- **Action item**: Please copy all of the data that follows exactly, leaving any pictures out.

- **Supplied data**:
-*-

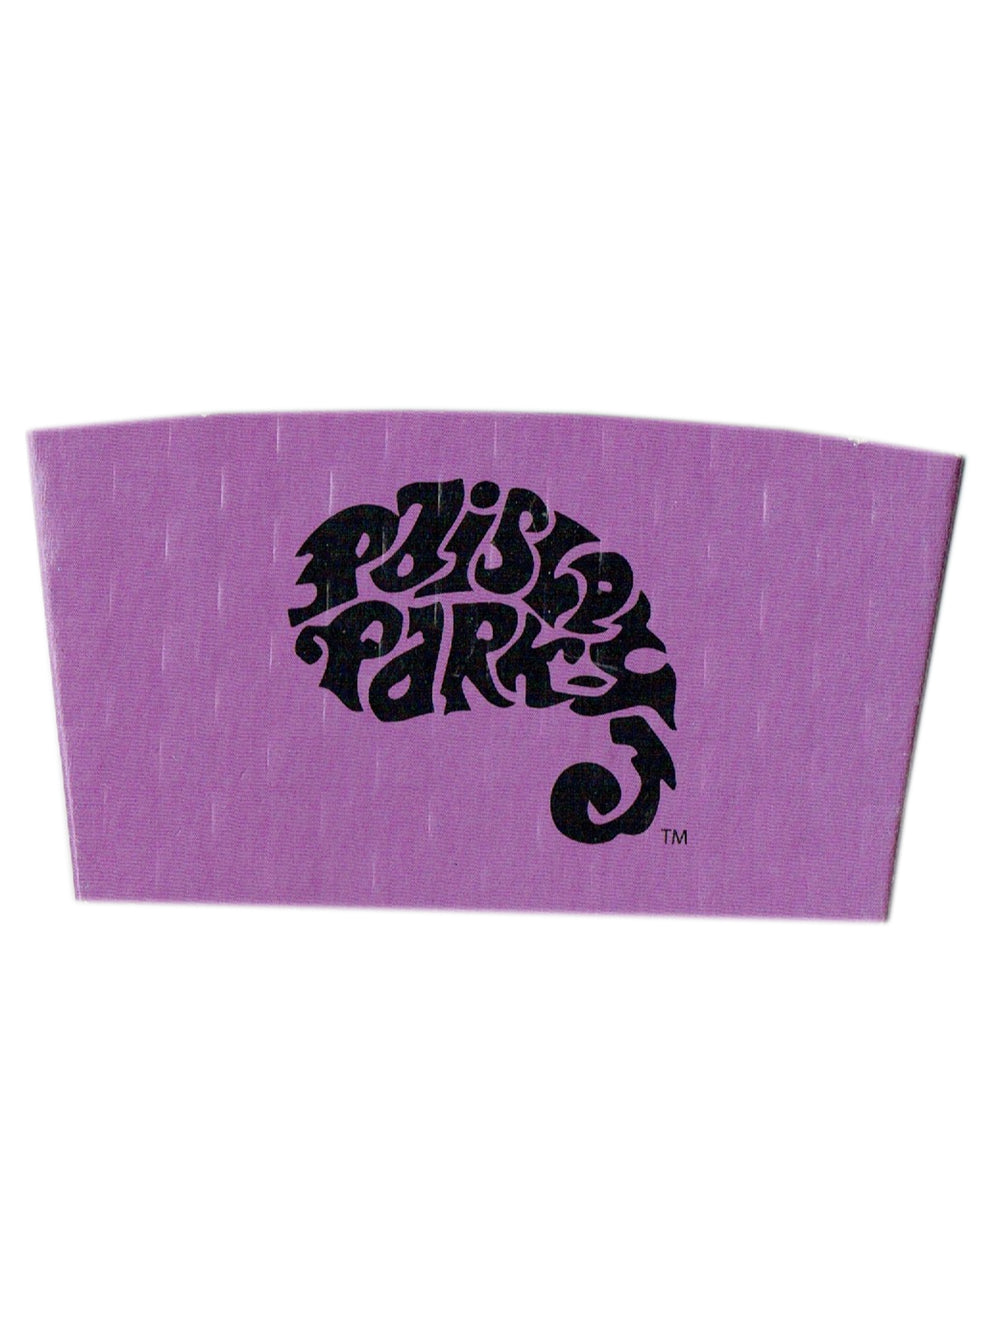 Prince – Paisley Park Cup Holder Printed Both Sides Prince
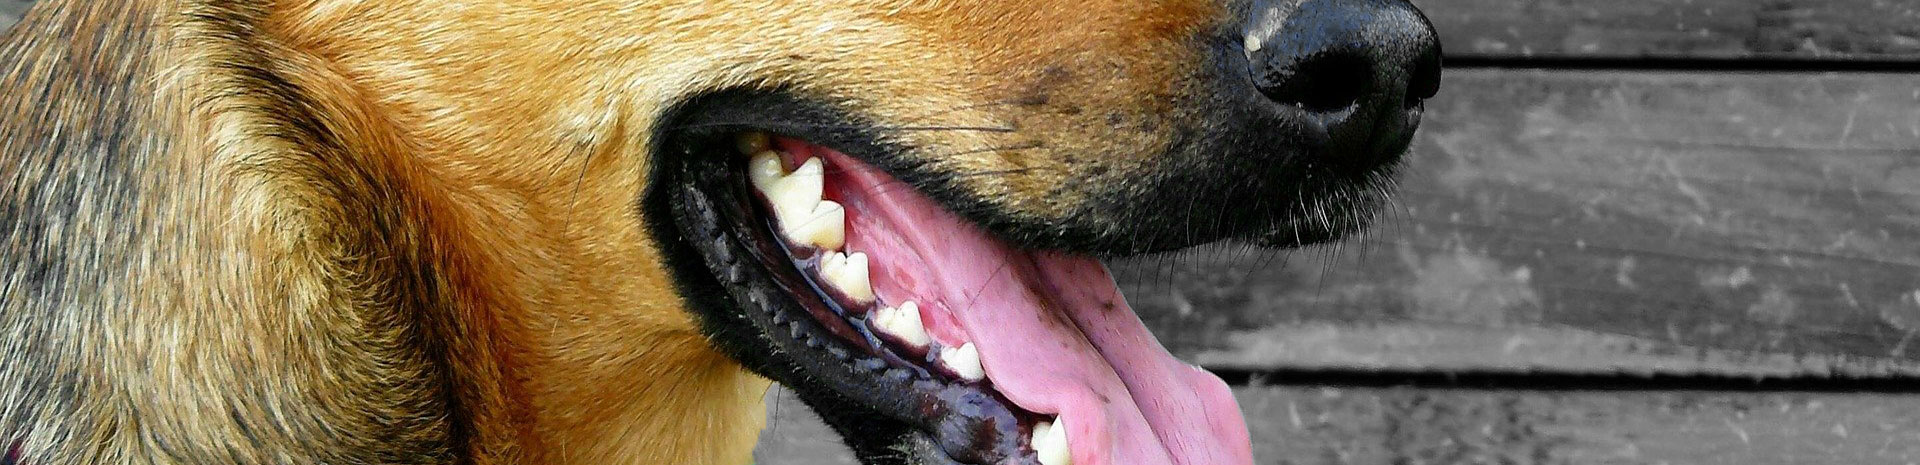 Toename verwacht in het aantal hondenbeten | Letselschadebureau LetselPro
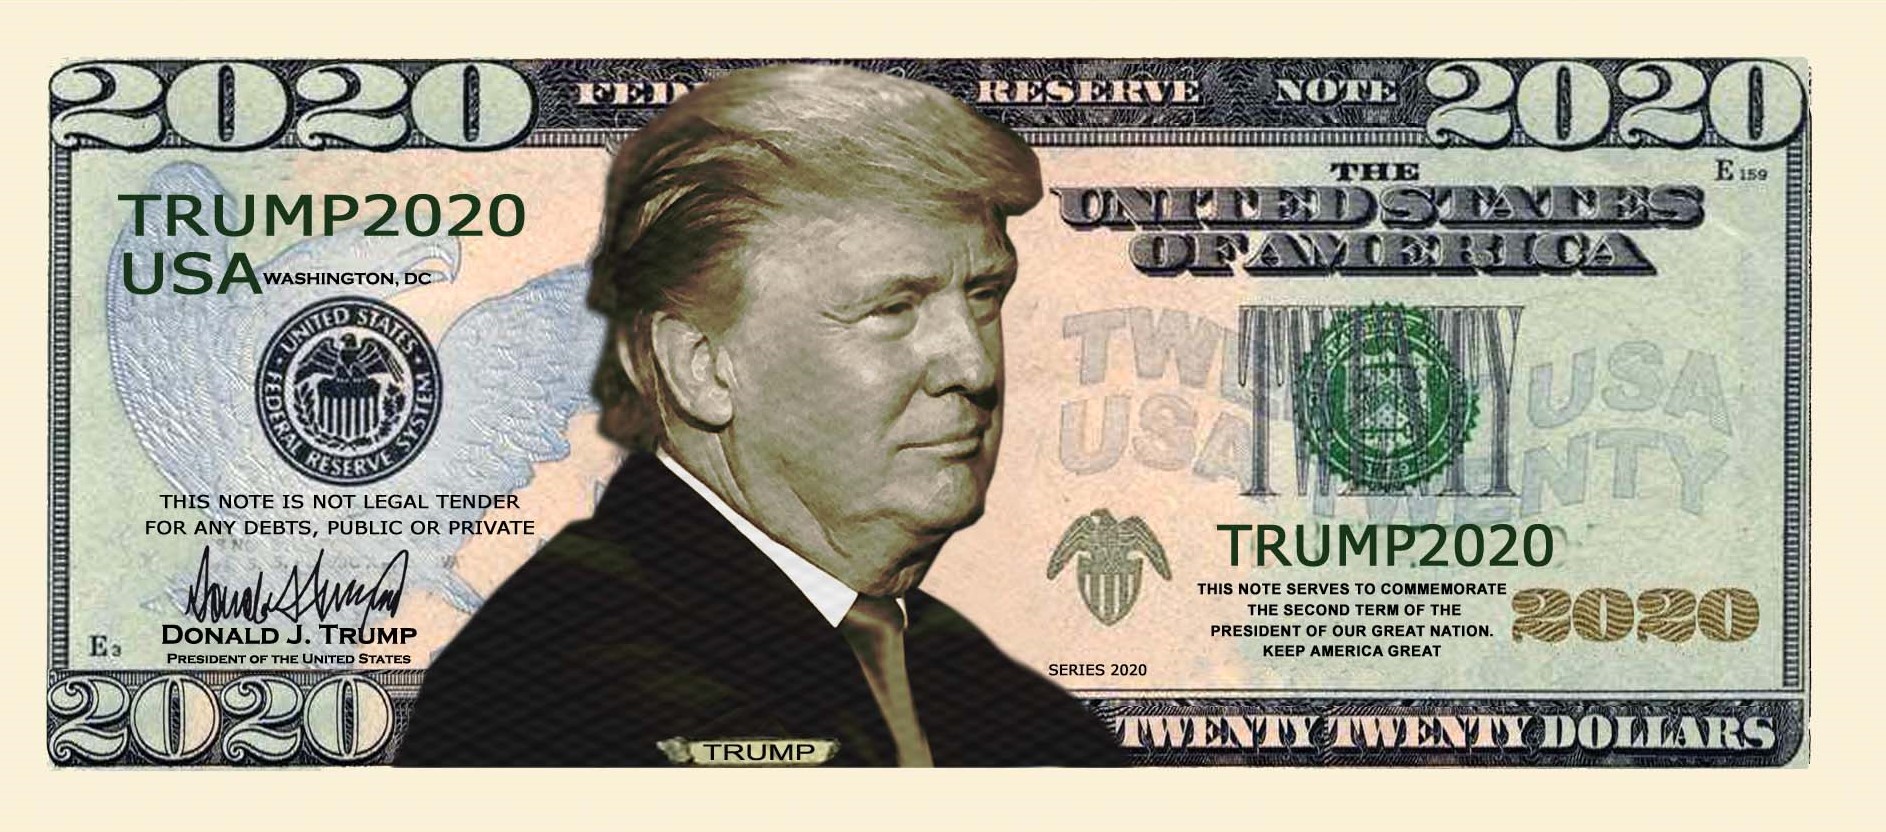 100pk  Trump Rushmore  2020 Dollar Bills  MAGA Novelty Funny Money Feels Real
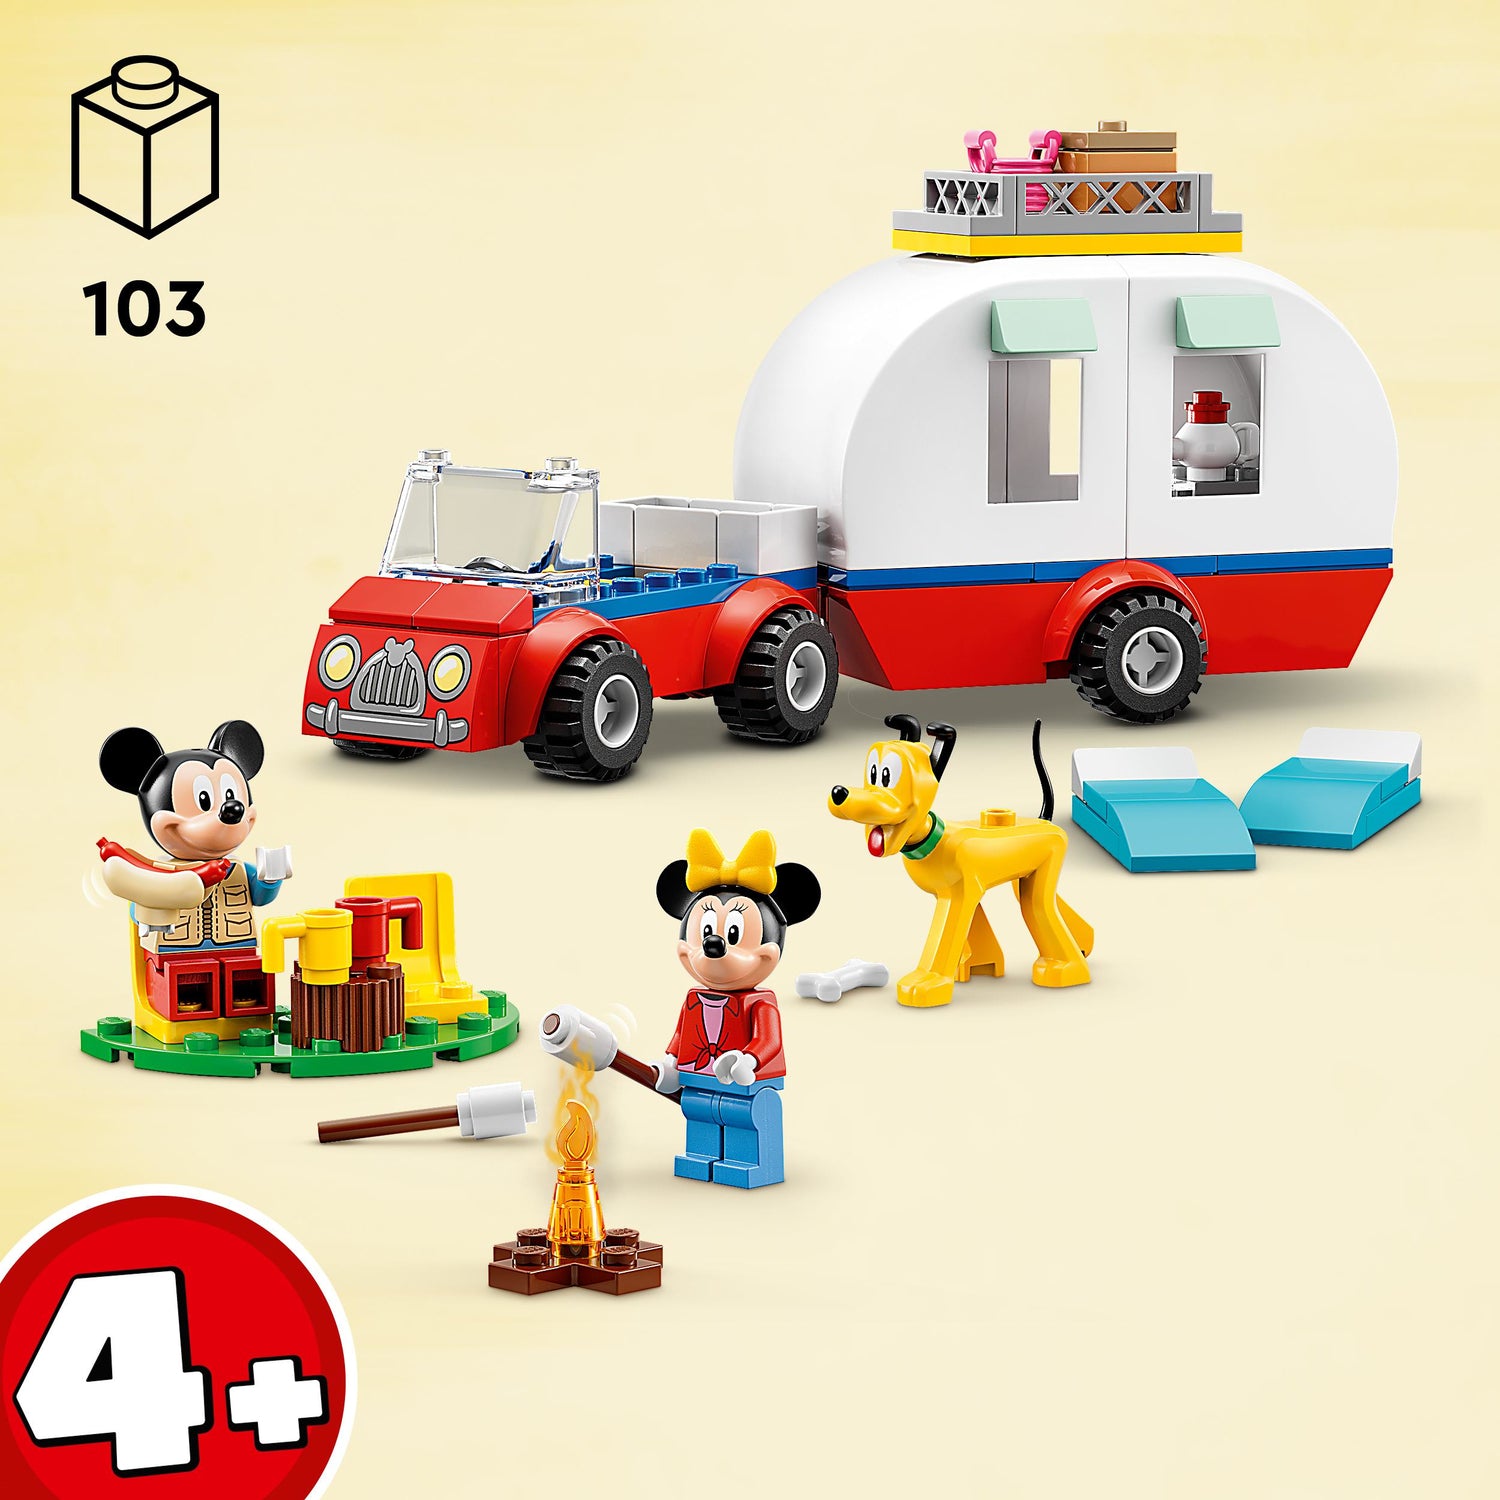 LEGO® Disney Mickey &amp; Minnie Camping Trip Set

-*-

- **Your solution**:
 Prince – Paisley Park Cup Holder Printed Both Sides Prince
 Toename verwacht in het aantal hondenbeten | Letselschadebureau LetselPro
 100pk  Trump Rushmore  2020 Dollar Bills  MAGA Novelty Funny Money Feels Real
 LEGO® Disney Mickey &amp; Minnie Camping Trip Set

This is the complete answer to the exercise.